More growth and fewer bulges
Usually the stem cells then create a new bulge along with the new hair, while ensuring that the old bulge and the old hair stay put in the hair follicle. Only the new bulge can make another new hair, but the old bulge is kept in place to maintain a thick and lush coat. In mice, hair follicles can accumulate up to four of these bulges.
When Lay and Fuchs created mice that lack FOXC1--by disabling or "knocking out" the gene that produces this protein--they observed that the animals' hair follicle stem cells spent more time growing hairs and less time in quiescence. Over the course of nine months, while hair follicles from normal mice grew four new hairs, those from the FOXC1 knockout mice had already made new hairs seven times. "The knockout stem cells enter an overactive state in which they can't establish quiescence adequately," explains Lay.

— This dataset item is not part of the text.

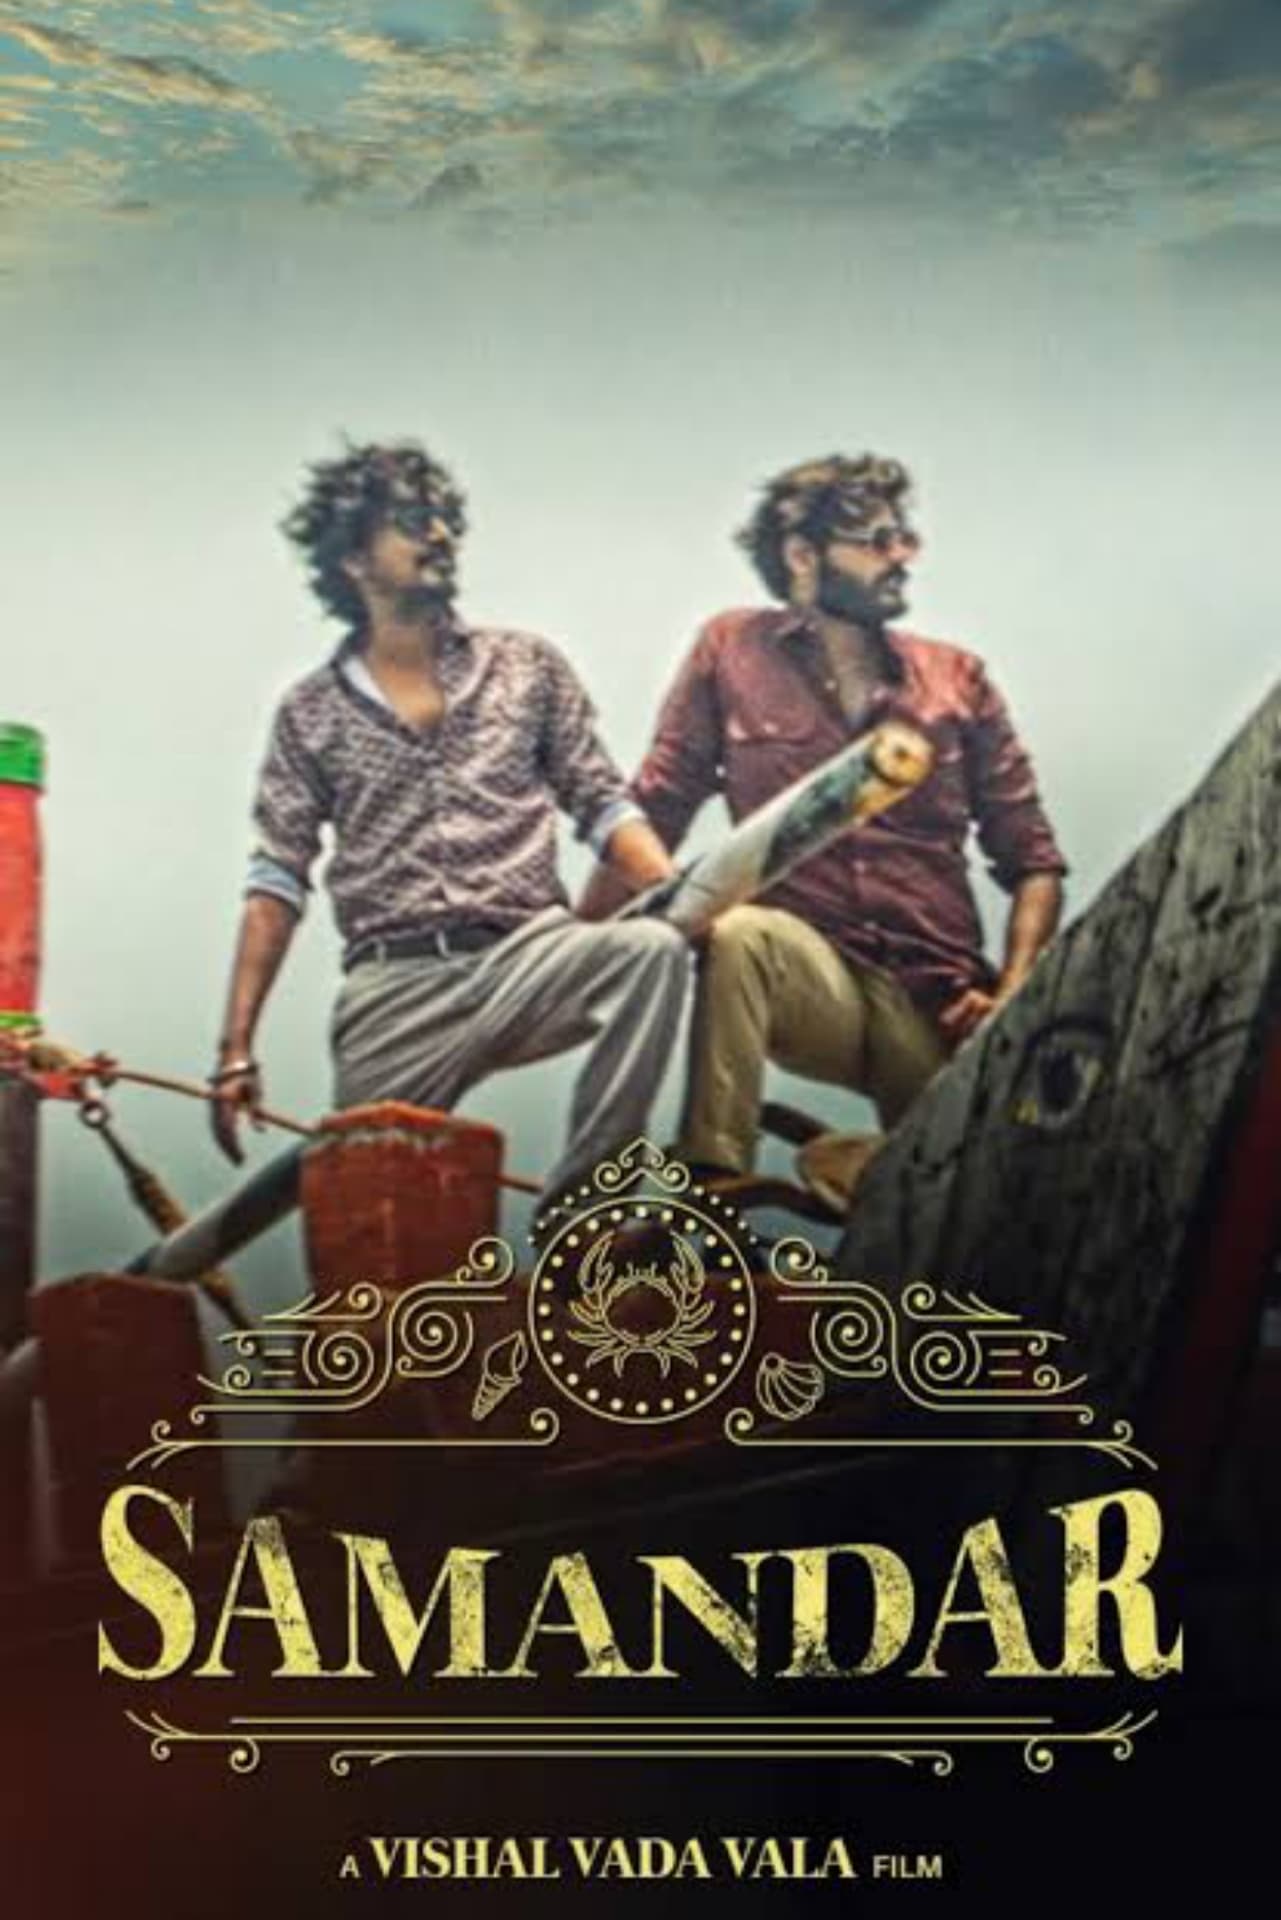 Poster for the movie "Samandar"

The researchers also found that in the absence of FOXC1, hair follicles always had only one hair despite having made new hairs seven times. This is because these hair follicles could not retain their old bulges, though they generated a new bulge without a problem. As the stem cells started proliferating more, they became less able to stick together. As a result, their old bulges did not stay properly tethered to the hair follicle when the newly growing hair pushed past it. And since the bulge emits quiescence signals, its loss activated the remaining stem cells even faster.
Going grey and going bald
While the hair follicle stem cells of FOXC1-deficient mice produce hairs at a relatively breakneck pace, this profligate growth seems to wear them out. Older knockout mice had sparser, greyer coats, and they could not regenerate their fur as quickly as their normal age-matched or younger peers. A similar phenomenon has been described in mouse hematopoietic stem cells, which give rise to blood cells--those stem cells that are more active in young animals appear to become exhausted as the animals grow older.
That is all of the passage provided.